Given the equation:
$$x^e\equiv c \pmod p$$
where $p$ is prime number, $c$ is positive integer and $e$ is positive integer and $\gcd(e, p-1) = 1$. Explain how would you solve given equation.
Also, using that explanation solve next equation:
$$x^{77} \equiv 2 \pmod{246}$$
I know that I need to use Chinese reminders theorem but I am not sure how... Please can you provide some explanation how to solve this.

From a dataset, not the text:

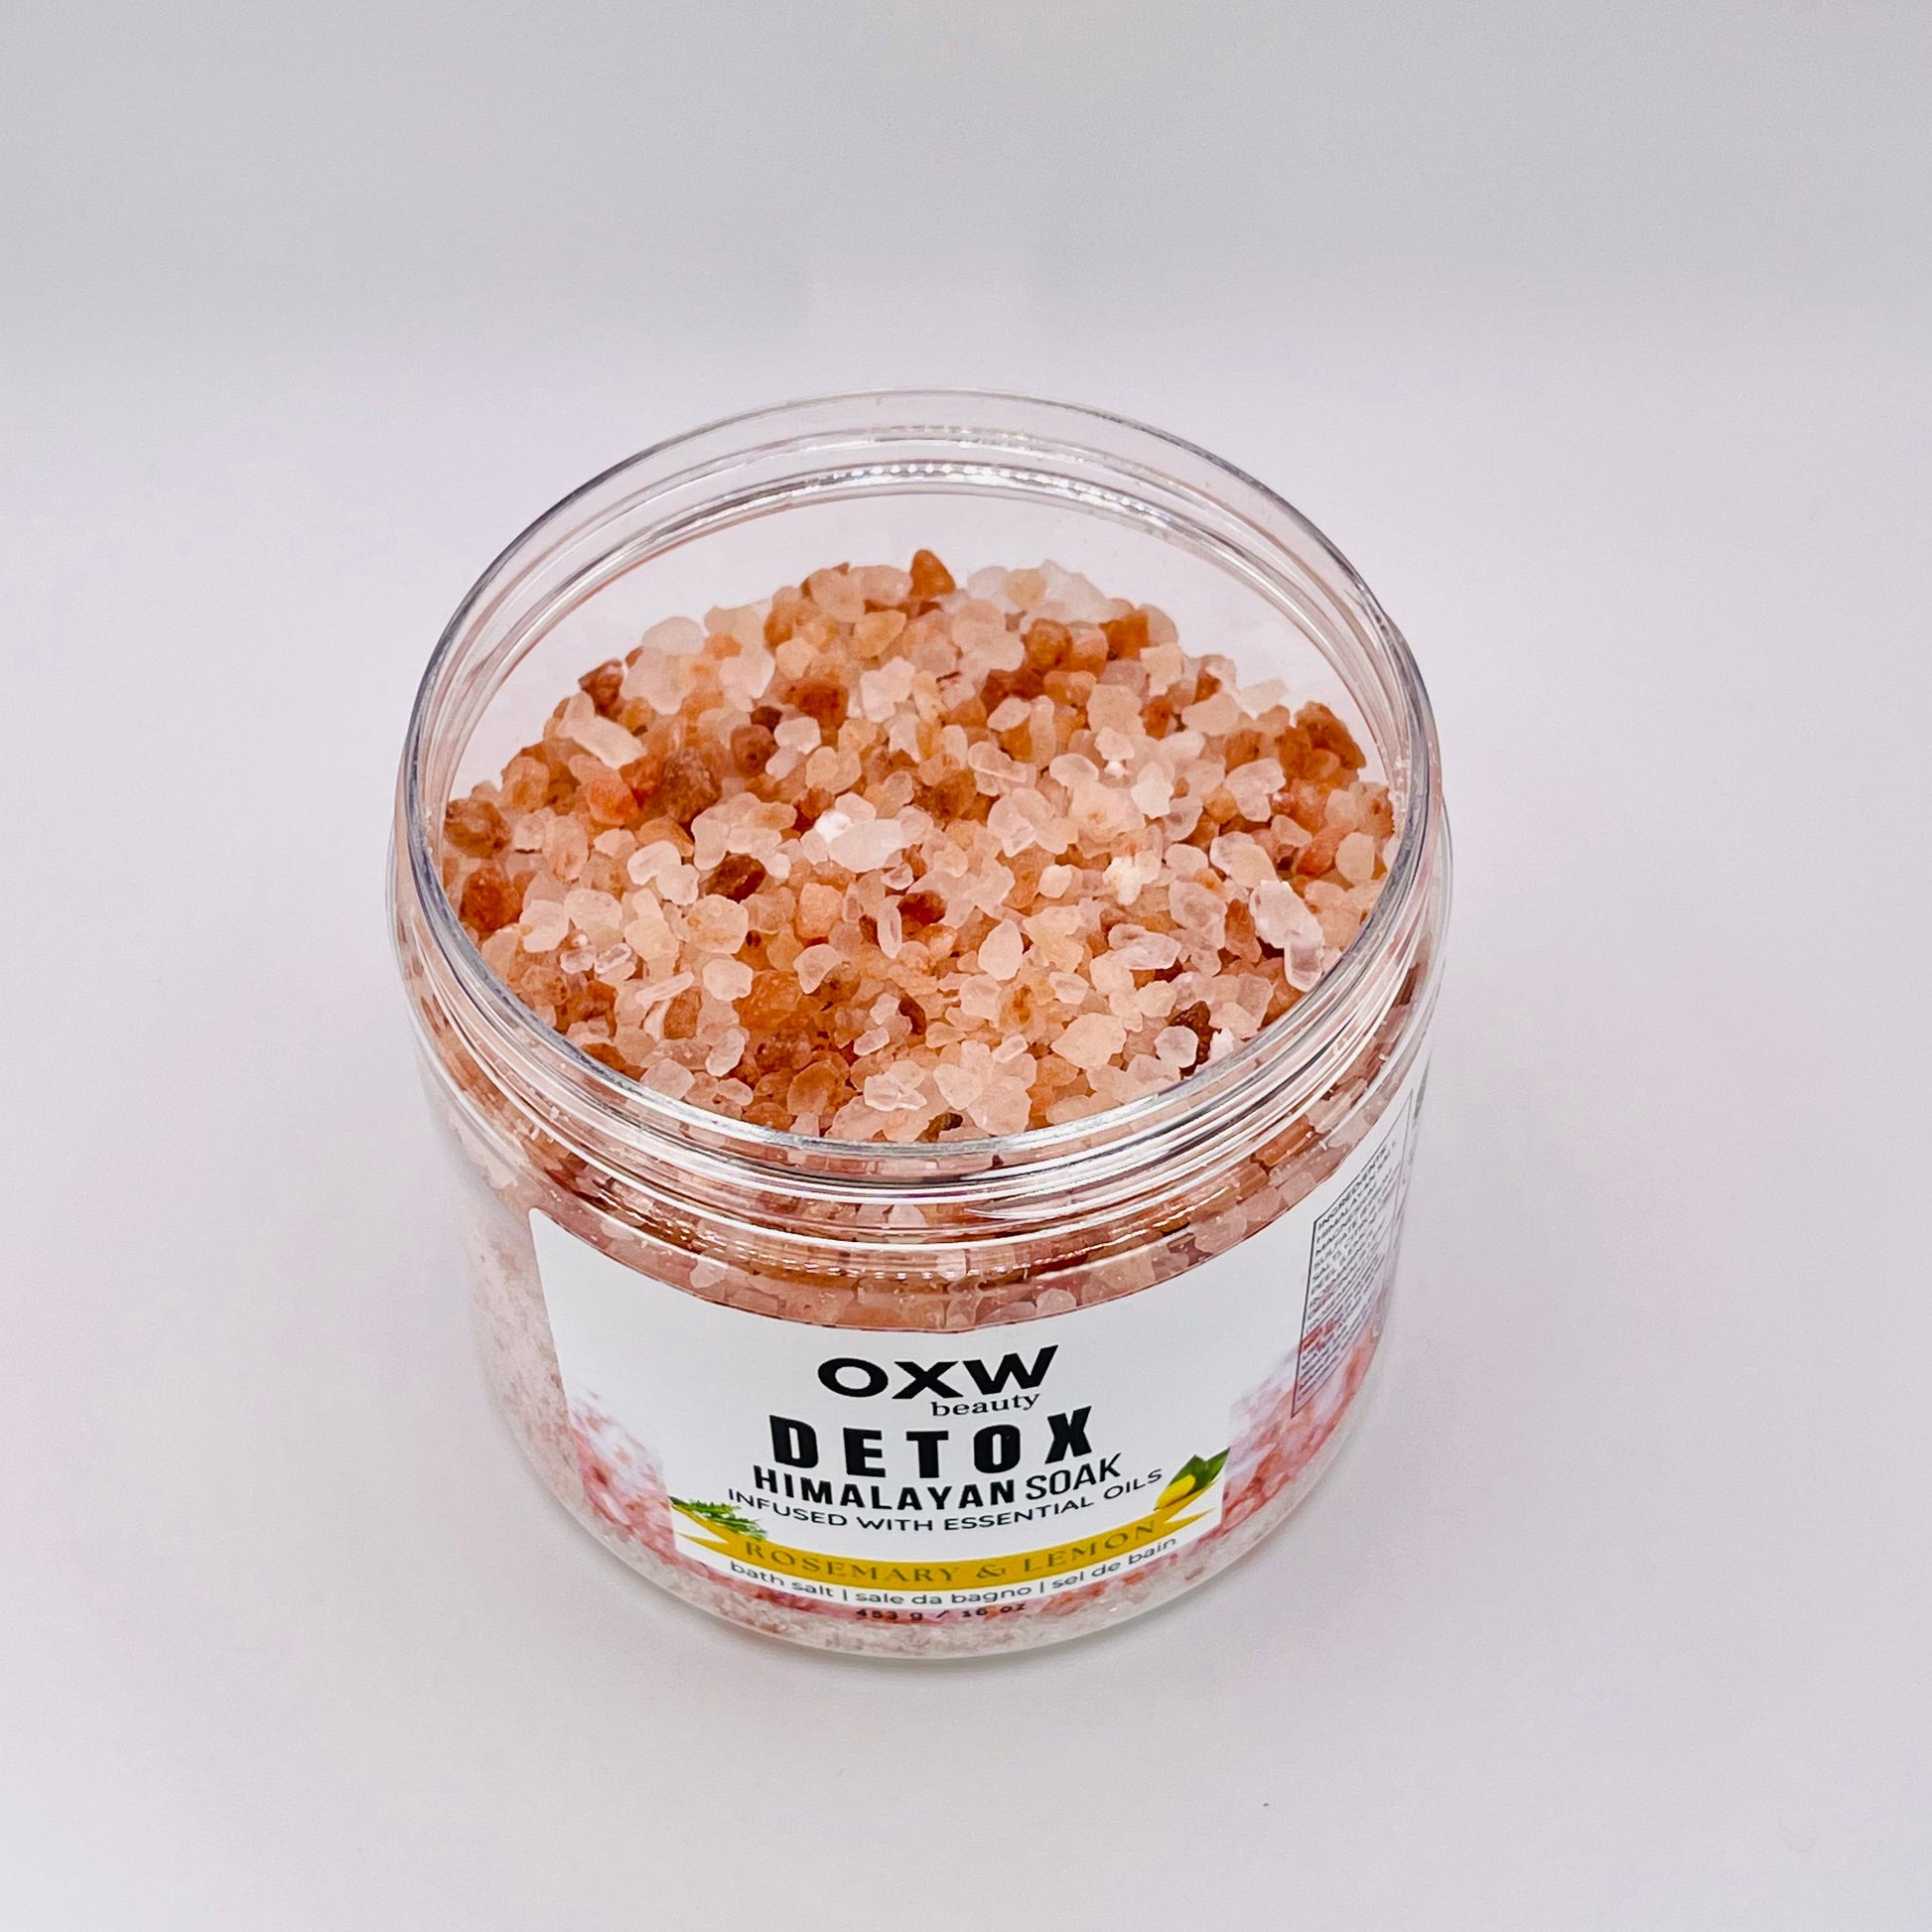 Detox+ Himalayan Epsom Bath Salt Infused with Rosemary and Lemon Essential Oils 1 lb Jar - OXW Beauty

By Bézout's theorem, there are integers $a,b$ such that $ae+b(p-1)=1$. Therefore, $$x = x^{ae+b(p-1)}\;\; \equiv c^a \cdot (x^{p-1})^b \equiv c^a \pmod p.$$
For your specific question, you have $$\begin{cases} x^{77} \equiv x \equiv 2 \equiv 0 \pmod 2\\ x^{77} \equiv x \equiv 2 \pmod 3\\ x^{77} \equiv 2 \pmod{41}\\ \end{cases}$$ The last equation becomes, because of the Bézout's identity $-25 \cdot 40 + 13 \cdot 77 = 1$, $$x \equiv 2^{13} \equiv 33 \pmod{41}$$ Then using the CRT you get $x \equiv 74 \pmod{246}$.
Yes, CRT works. $\ $ Easily $\,x\equiv 2\pmod{6}\,$ and $\ x\!\pmod{41}\,$ can be computed mentally:
${\rm mod}\ 40\!:\,\ \color{#c00}{\dfrac{1}{77}}\equiv \dfrac{-39}{-3}\equiv \color{#c00}{13},\ $ so $\,\ {\rm mod}\ \color{#0a0}{41\!:\ \, x}\equiv 2^{\color{#c00}{\large 1/77}}\!\equiv 2^{\color{#c00}{\large 13}}\!\equiv 2^{\large 3}(2^{\large 5})^{\large 2}\equiv 8(-9)^{\large 2}\equiv \color{#0a0}{-8}$
${\rm mod}\ 6\!:\ 2\equiv x\equiv \color{#0a0}{-8+41k}\equiv -8\!-\!k\!\iff\! k\equiv 2,\, $ so $\,x\equiv -8+41\cdot 2\equiv 74\pmod{\!6\cdot 41}$